Danke danke für eure Tipps!
Also ich will dort in Saint Cast vom Strand und von den Klippen aus Angeln.Ich bin Ende April da denke ich,vllt kann mir einer von ech ja noch ein paar Tips geben?bin da total ahnungslos.


----------



## Sten Hagelvoll (9. Januar 2011)

*AW: Kurze Brandungsrute*

Boardsuche, findest du 'ne Menge. Ich hatte hier mal was dazu geschrieben.

http://www.anglerboard.de/board/showthread.php?t=155907&highlight=Bretagne


----------



## welsman (9. Januar 2011)

*AW: Kurze Brandungsrute*



Sten Hagelvoll schrieb:


> Boardsuche, findest du 'ne Menge. Ich hatte hier mal was dazu geschrieben.
> 
> http://www.anglerboard.de/board/showthread.php?t=155907&highlight=Bretagne



Hab ich bereits die Tage gelesen.Hast du direkt vor den Klippen geangelt oder weit raus geschmissen?und warst du schonmal in Saint Cast angeln,ende April?


----------



## basslawine (21. Januar 2011)

*AW: Kurze Brandungsrute*

Hallo,

hier noch mal ein Rutenvorschlag:

http://www.tacklebargains.co.uk/acatalog/Shakespeare_Salt_Travel_Beach_Rod_-_Save_40_.html

die verschicken auch nach Kontinentaleuropa. Da das Packmaß klein und das transportrohr sehr stabil ist, sollte Verpackung und Versand aber nicht  exorbitant teuer sein.

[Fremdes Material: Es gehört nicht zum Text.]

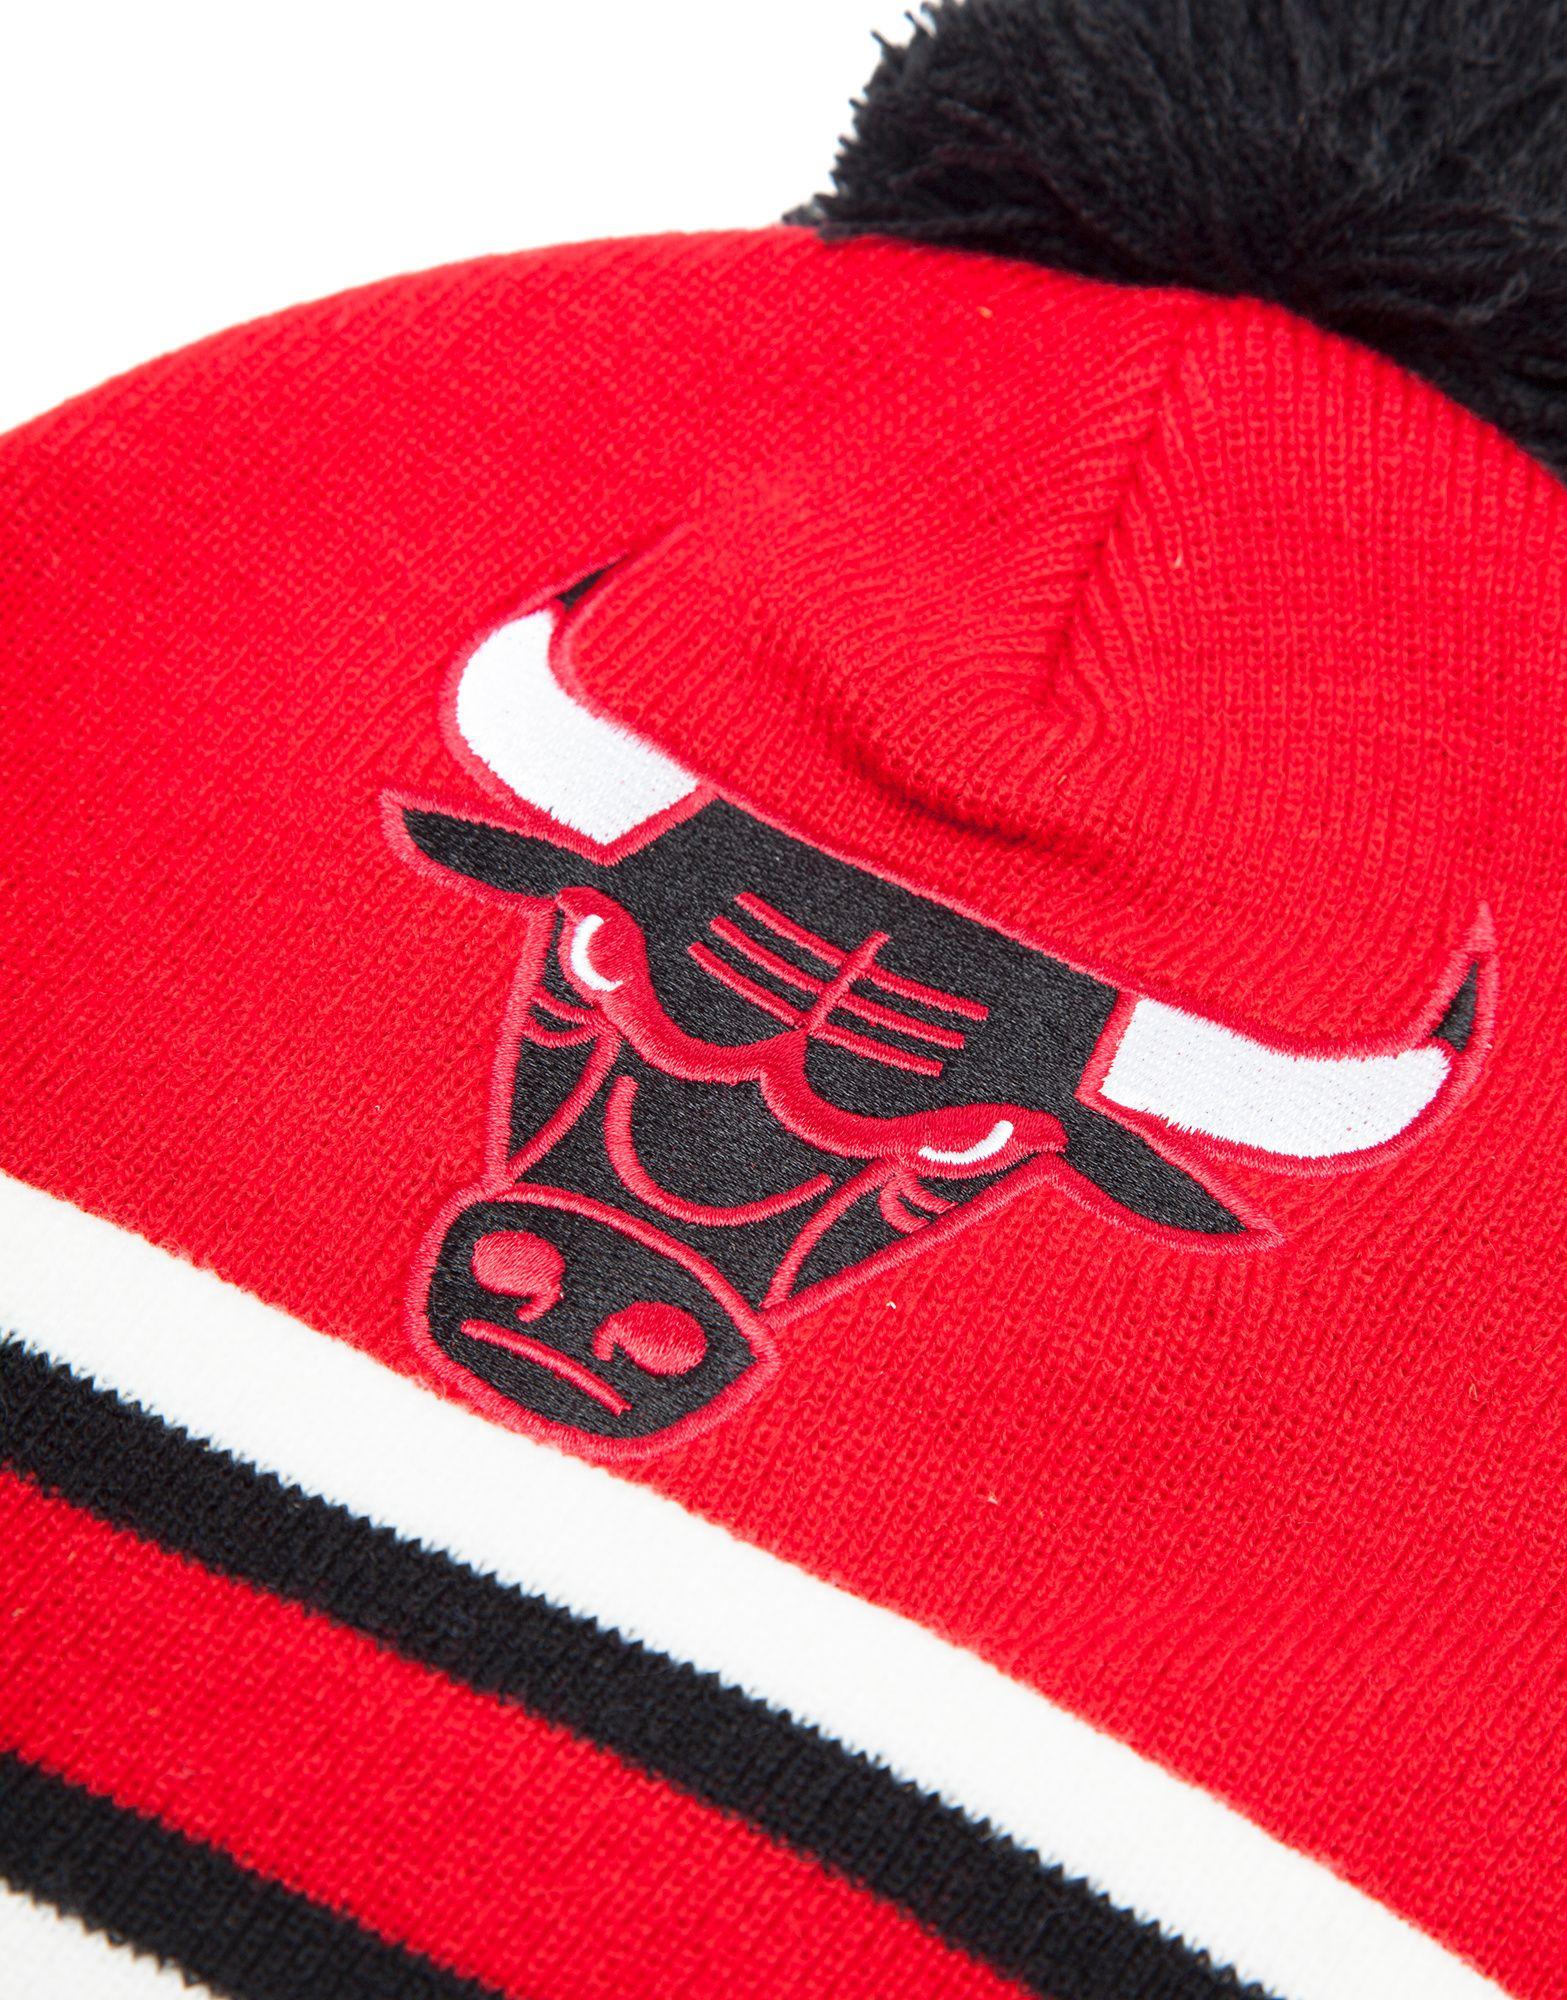 Mitchell & Ness NBA Chicago Bulls Bobble Hat

Ich hab die Rute selber und bin im großen und ganzen sehr zufrieden damit. 
beringung für multi und stationär.
sehr robust, packmaß ca 65cm.

die shimano beastmaster surf stc in 425cm beringt für Stationär besitze ich auch. Die ist zwar schöner, länger und filigraner verarbeitet, kostet aber auch mehr als das Doppelte.

Mit etwas längerem Packmaß gibts dann noch eine Reiserute von Daiwa Wilderness Beach, habe ich aber nie selbst in den Flossen gehalten. Kostet irgendwas zwischen den beiden obengenannten.

Gruß Marco


----------